▶ **PROVIDED ENTRIES**:

━━━━

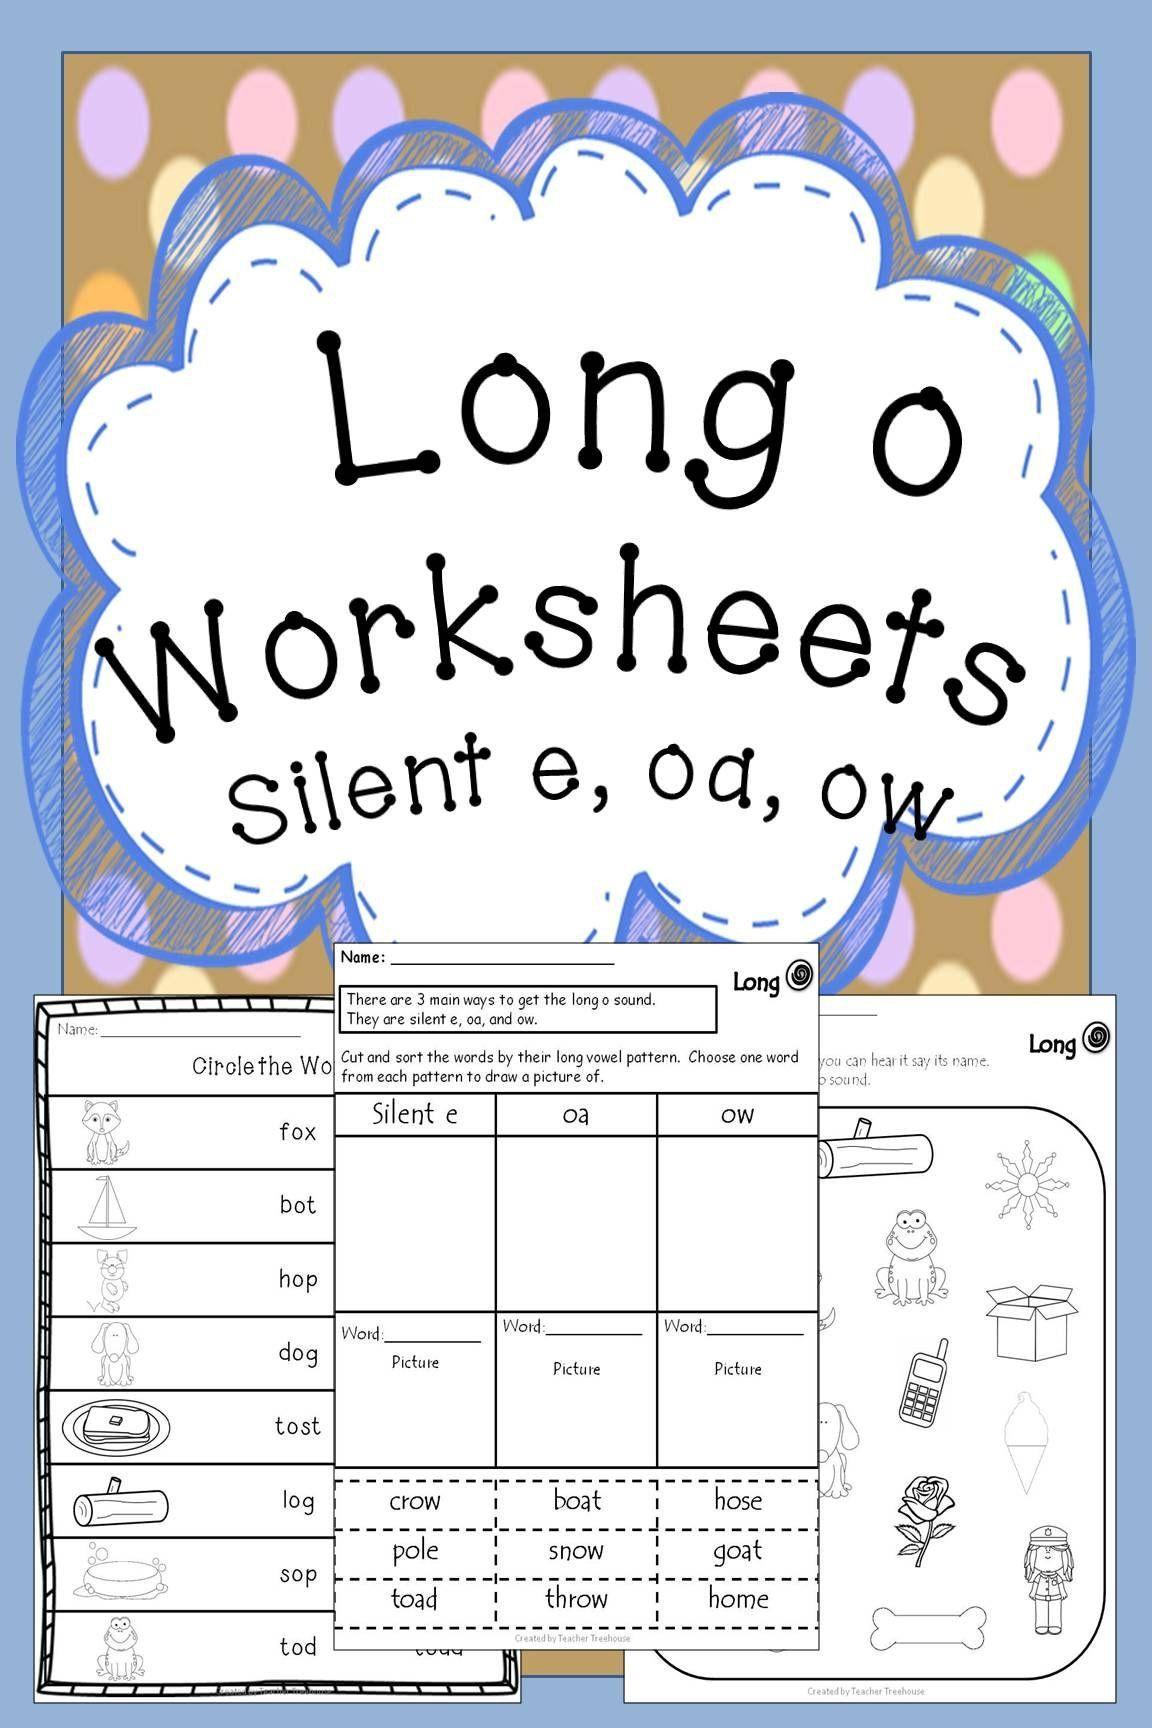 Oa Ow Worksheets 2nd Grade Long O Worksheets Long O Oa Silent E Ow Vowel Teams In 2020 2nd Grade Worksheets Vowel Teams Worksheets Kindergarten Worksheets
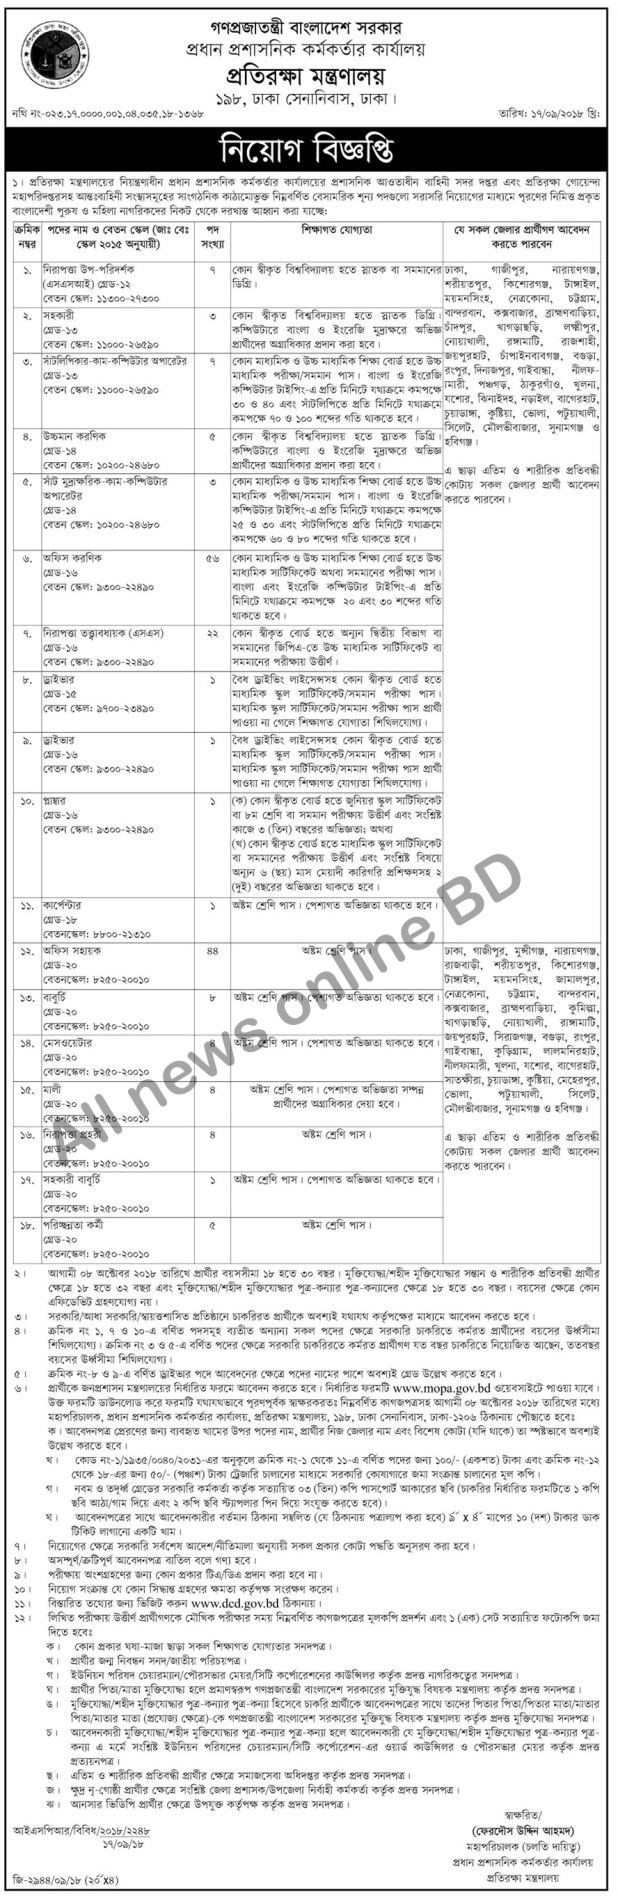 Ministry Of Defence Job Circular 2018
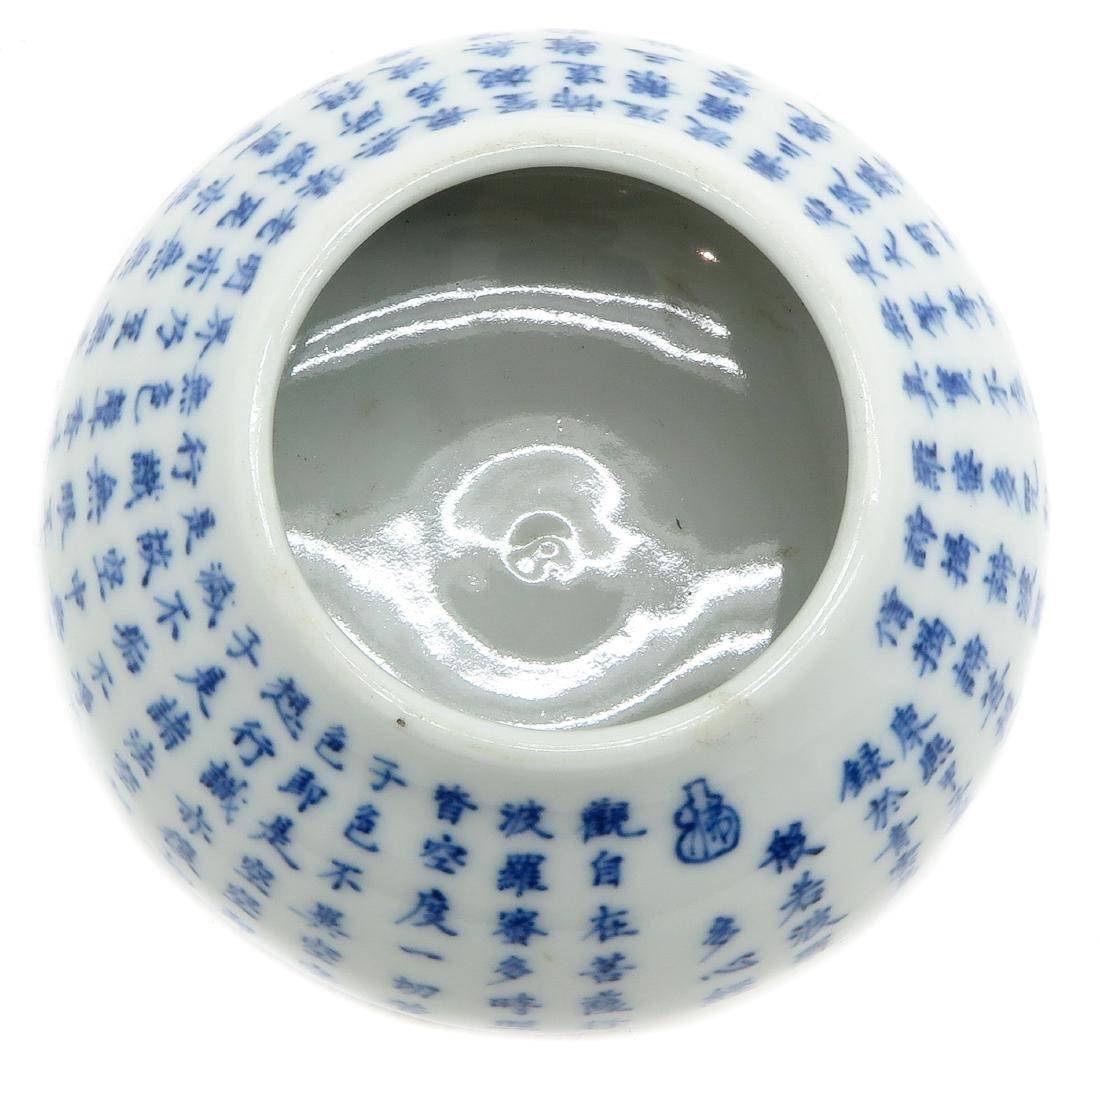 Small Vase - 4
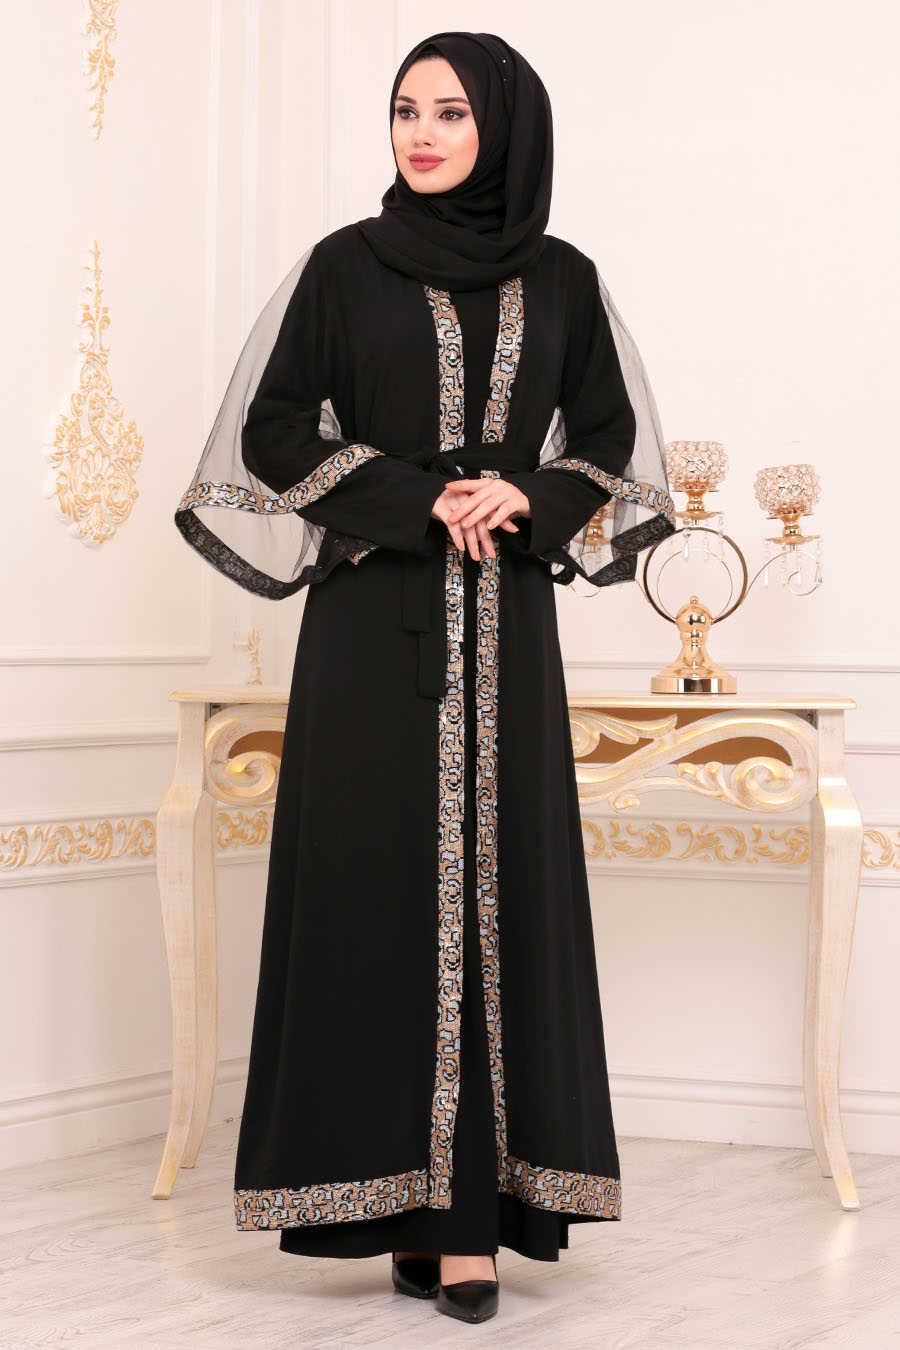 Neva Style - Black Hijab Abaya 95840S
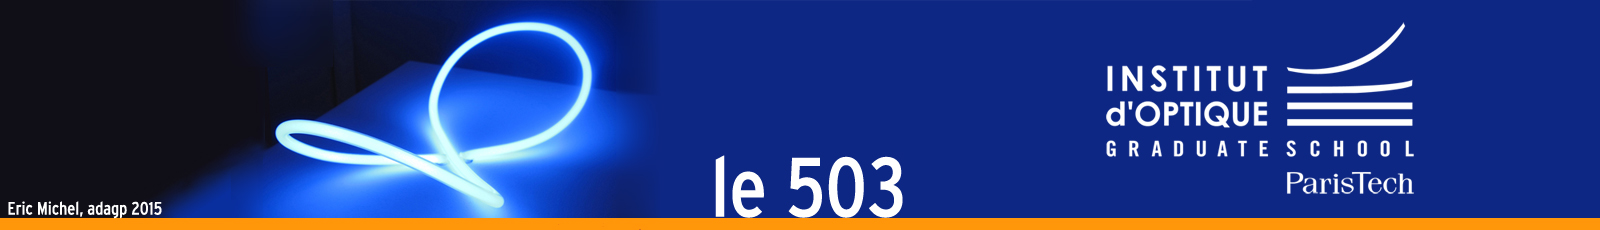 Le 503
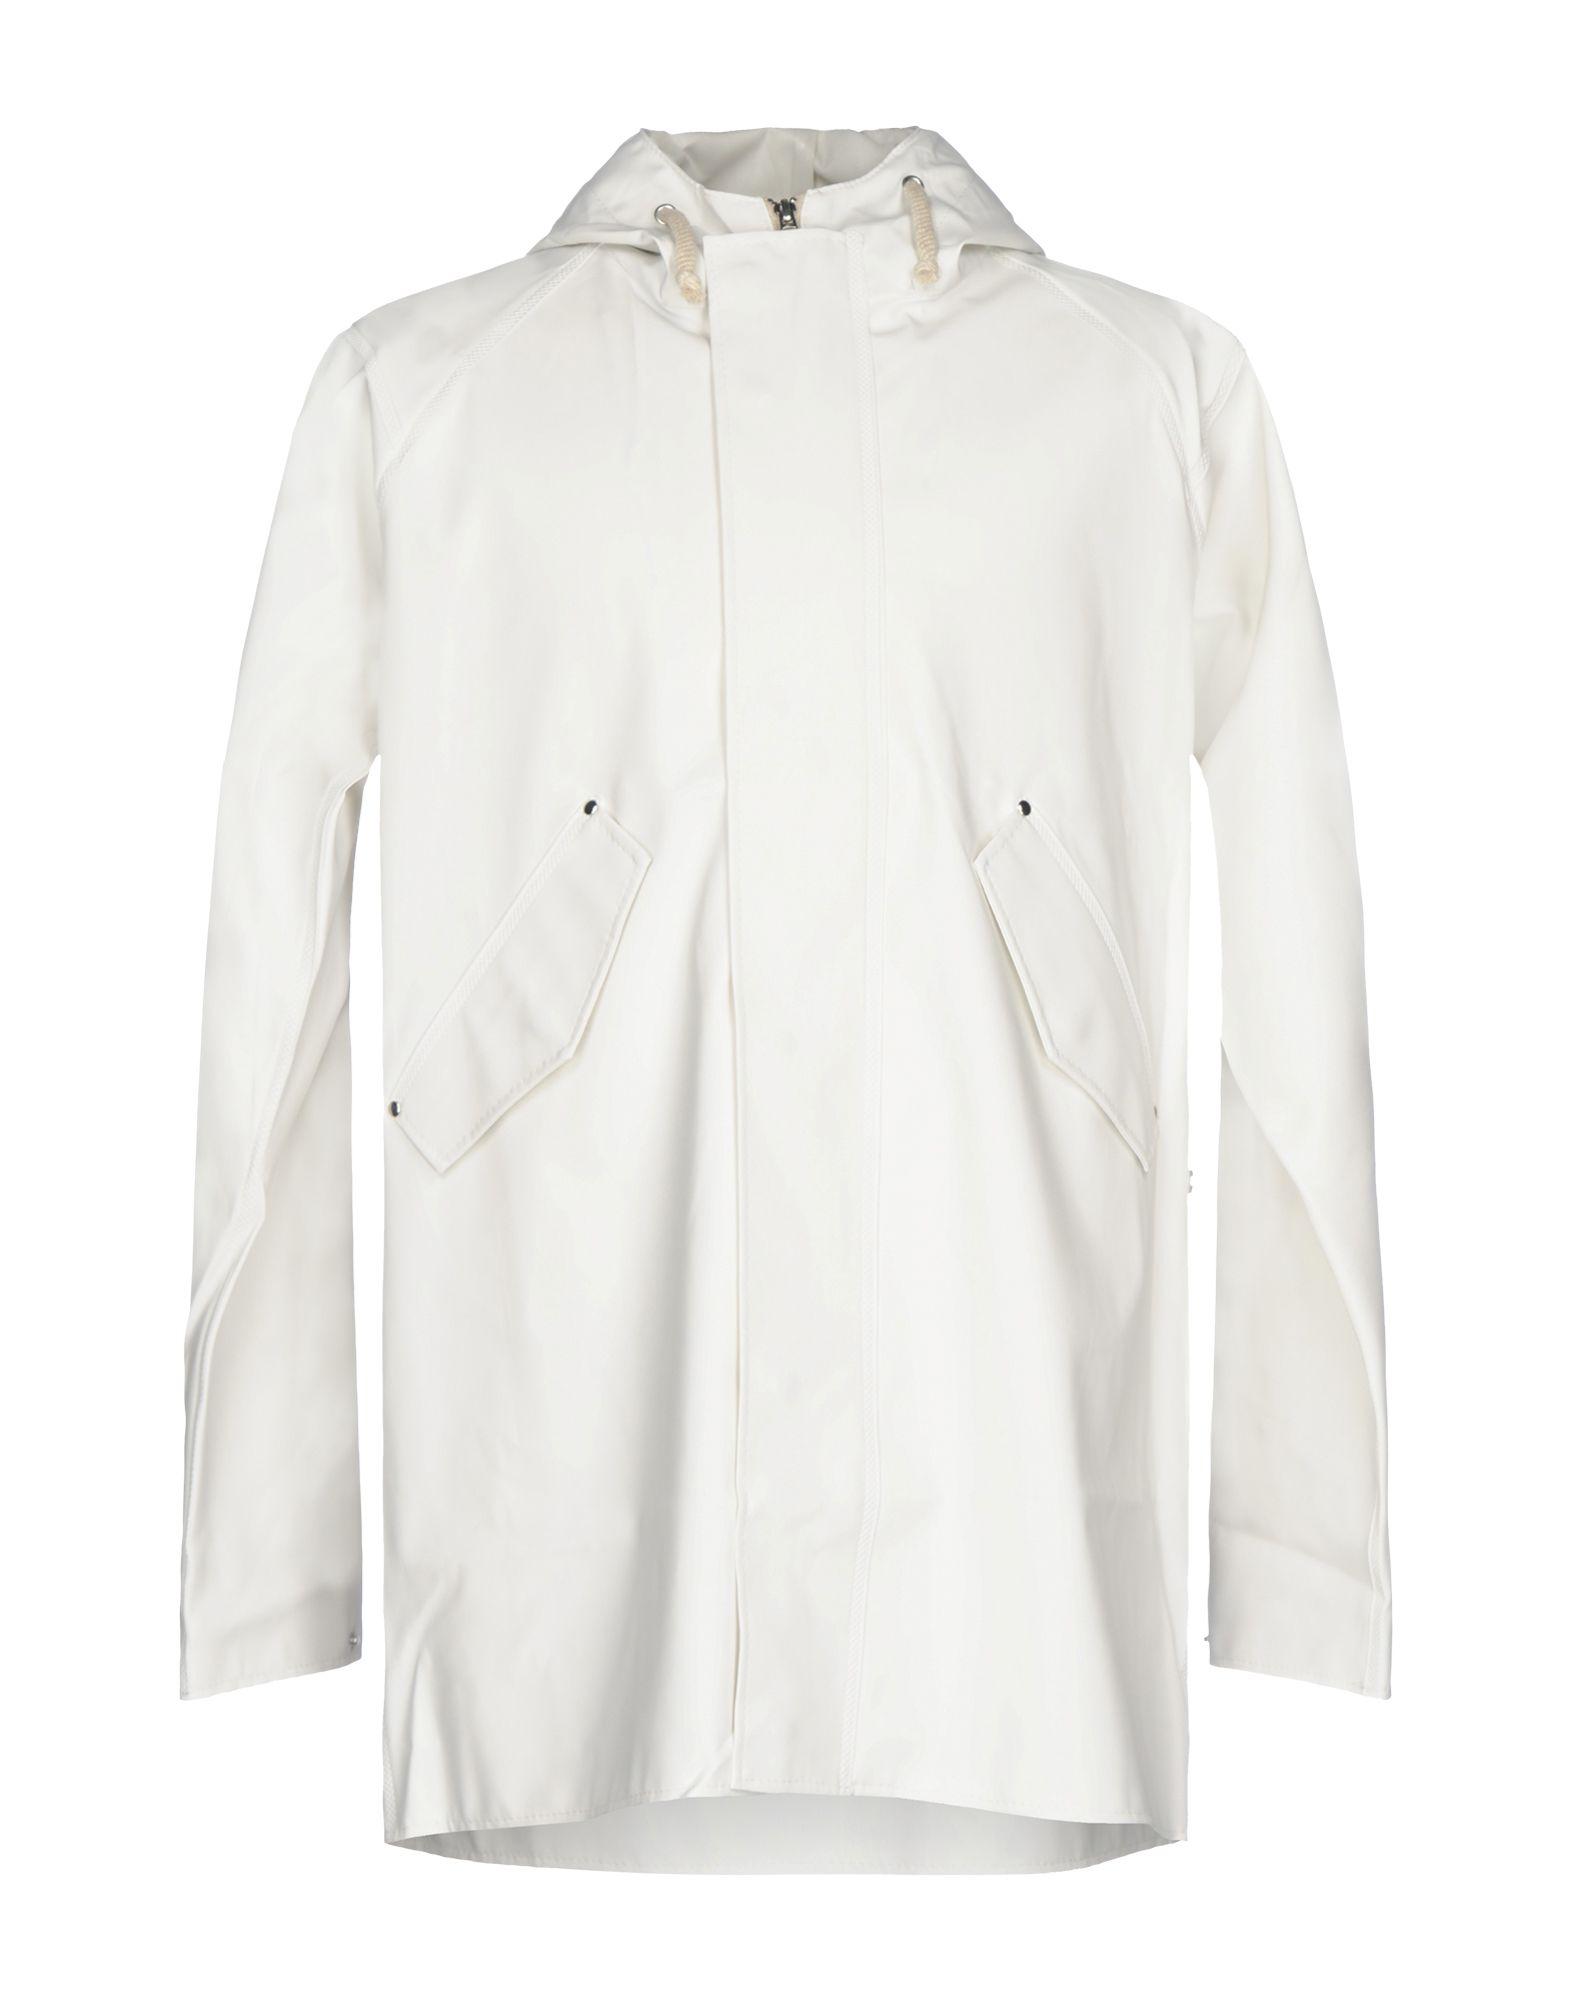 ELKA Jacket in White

━━━━

None of the pictures should be carried over when the data above is transcribed exactly.

▶ **YOUR RESPONSE**:
 Oa Ow Worksheets 2nd Grade Long O Worksheets Long O Oa Silent E Ow Vowel Teams In 2020 2nd Grade Worksheets Vowel Teams Worksheets Kindergarten Worksheets
 Ministry Of Defence Job Circular 2018
 Small Vase - 4
 Neva Style - Black Hijab Abaya 95840S
 Le 503
 ELKA Jacket in White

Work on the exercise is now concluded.